I go crazy When I look in your eyes I still go crazy No my heart - TopicsExpress



          

I go crazy When I look in your eyes I still go crazy No my heart just cant hide That old feelin inside Way deep down inside Oh baby, You know when I look in your eyes I go crazy. The song is entitled, I Go Crazy by Paul Davis (1977). Its been awhile... guess youll be glad to know Ive learned to laugh and smile. Im smiling now, time has mainly healed me, and it really has been a while, since I felt like I was going crazy, but its funny how a song can transport you to any moment in time: past, present even future. This is no different, its haunting melodic riffs have wrapped me in a melancholic kiss that cant be remiss. I havent thought of her, I mean really thought about her for the longest time until now; the very moment the song came on, its chords, its chorus; it tugged at my heart strings, and it struck me. Glances and flashbacks, traces and remnants of a former life I once lived. Sometimes its very easy to block out the obvious songs, pretend they arent speaking to me, go on about my day in blissful ignorance, but for some reason I let my guard down and this song bore right through to the heart of me.

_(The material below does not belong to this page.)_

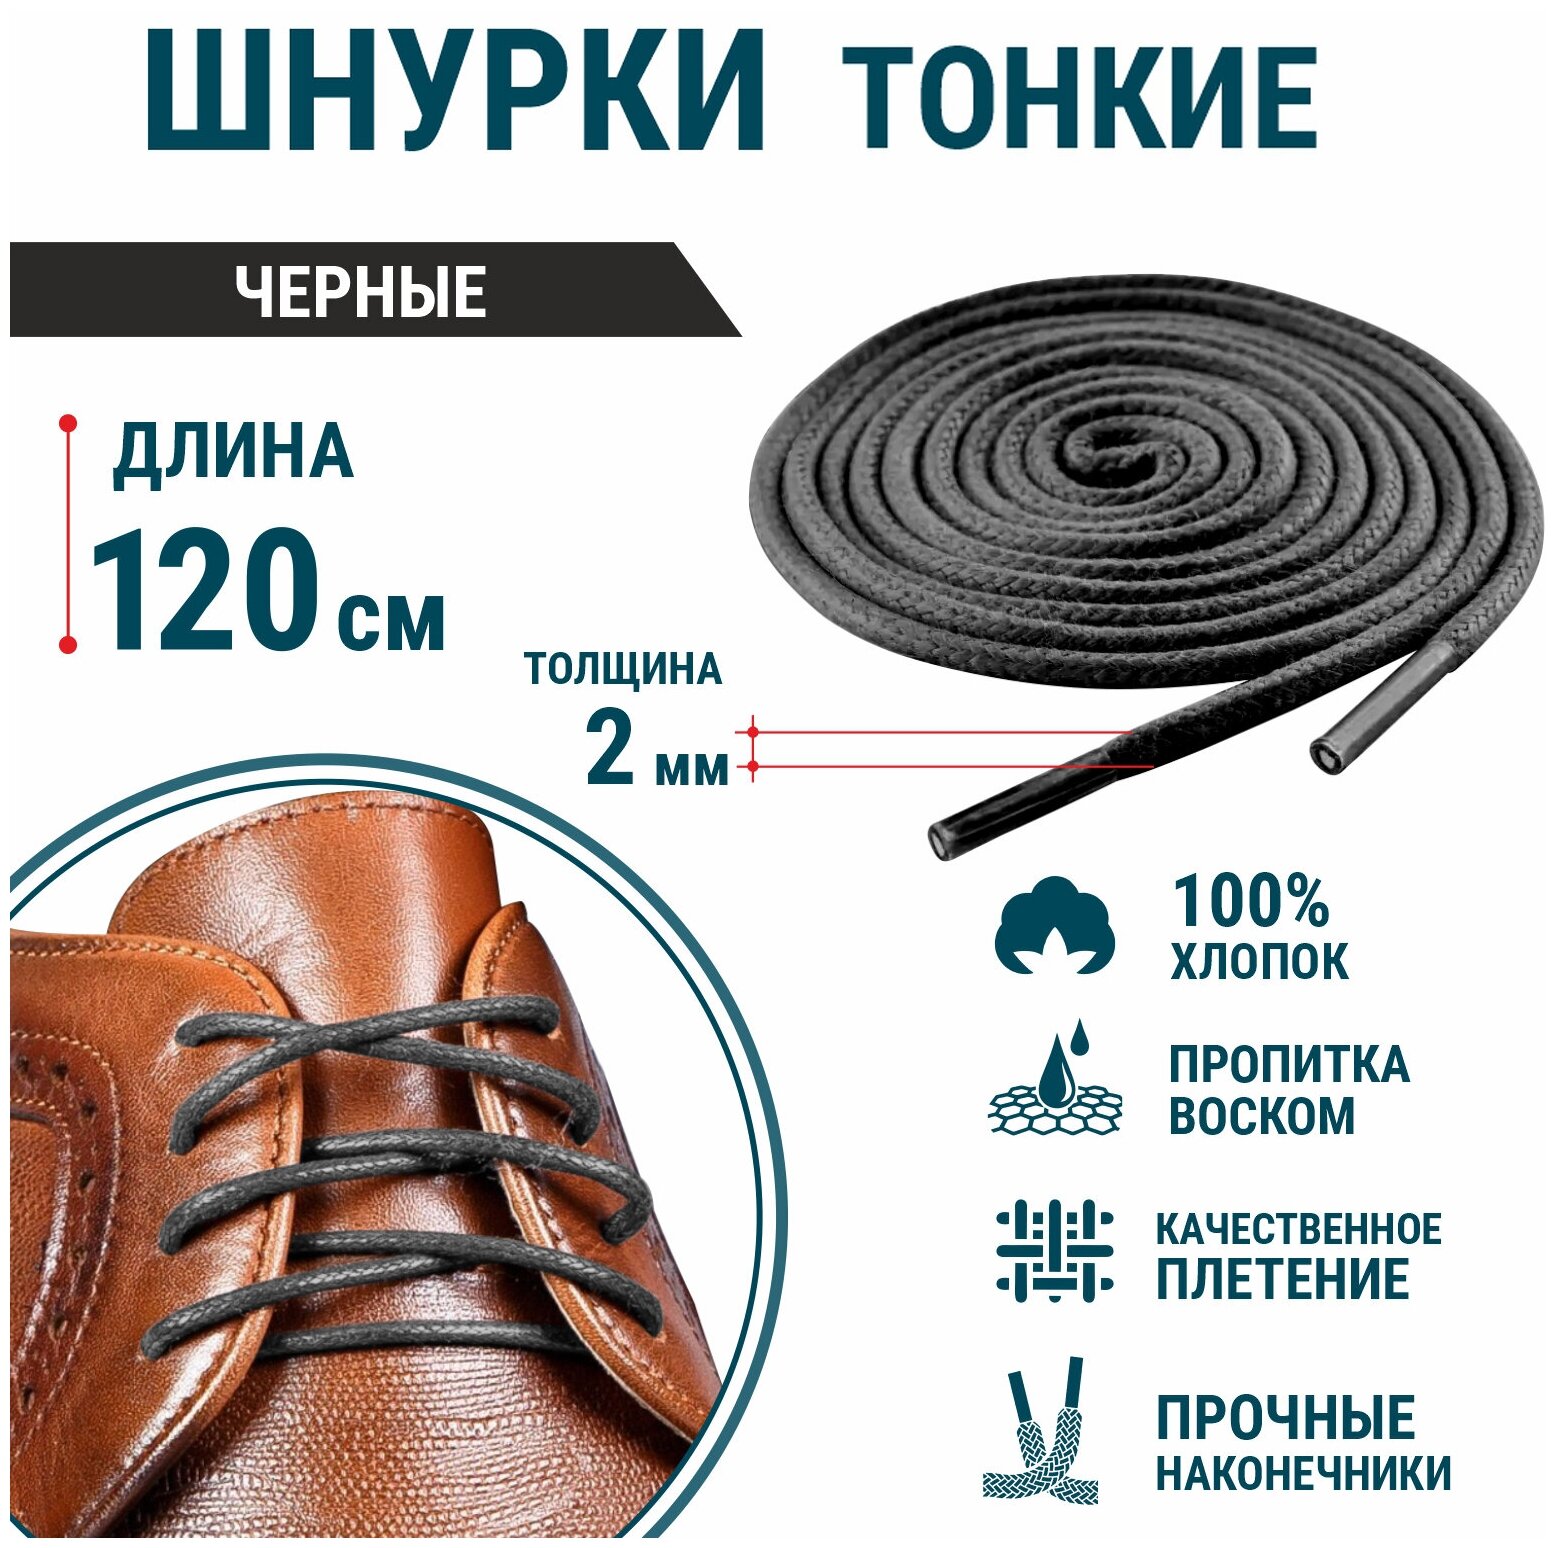 Шнурки для обуви GUIN Черные Тонкие Круглые 120 см, прочные шнурки для кроссовок, кед, ботинок, берцев с пропиткой, вощенные, универсальные

Has enough time passed? Im sure it has. Im over it, really I am. But then again, can one ever fully be over anything? Just because the sun sets over the horizon doesnt mean it is lost to us forever, it will rise again. Which is why memories come and they go. If I ever saw her again would I still go crazy? I must be crazy to even suggest it. I mean it has happened once before, but memories and chemistry arent just fleeting subtleties, which we could suddenly turn off and on. Sometimes I wish it were that easy. The reflection of us is sullied and muddled now, it is a world I could no longer reside in or wish to return to because Ive moved on. As much as it was a part of me, it is a part that remains in the past where it will stay. I live in the moment now, and that is a gift, which is why it is called the present. After all this time, I dont go crazy anymore, even though I still remember when, her kiss was still brand new. But I never let it haunt me, I respect the sentimentality of it while accepting the fact that shes no longer someone I need. Thats why I can go to bed every night and fall asleep, not because Ive forgotten her, quite the contrary, it is because I have forgiven her, and more importantly, I have forgiven myself. This has given me the capacity to move on, so call me crazy, I dont just go crazy.